Work to be completed
Retype only what runs from the line that contains "Will you support" through the last line of the listing below, both lines included.

Data segment
=== Section Start ===
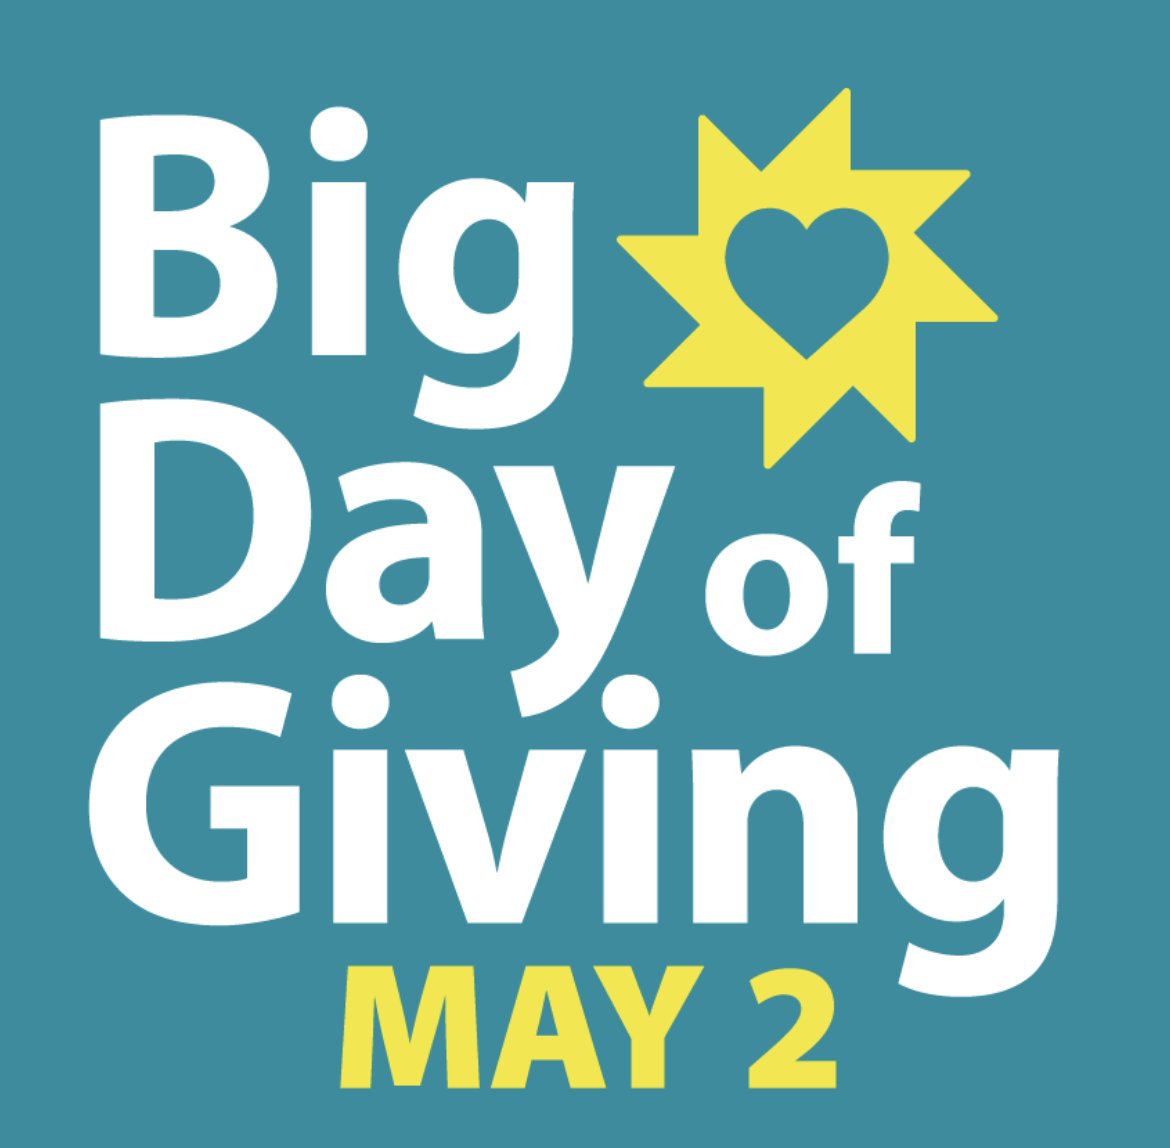 Hey YOLO county 👋
The Sacramento region's Big Day of Giving is less than two months away!

Will you support YOLO County CASA on that day?

Please comment YES below ⬇ if you plan to support us, and why. And THANK YOU!  #BigDayOfGiving  #weappreciateyou
=== Section End ===
Written solution
Will you support YOLO County CASA on that day?

Please comment YES below ⬇ if you plan to support us, and why. And THANK YOU!  #BigDayOfGiving  #weappreciateyou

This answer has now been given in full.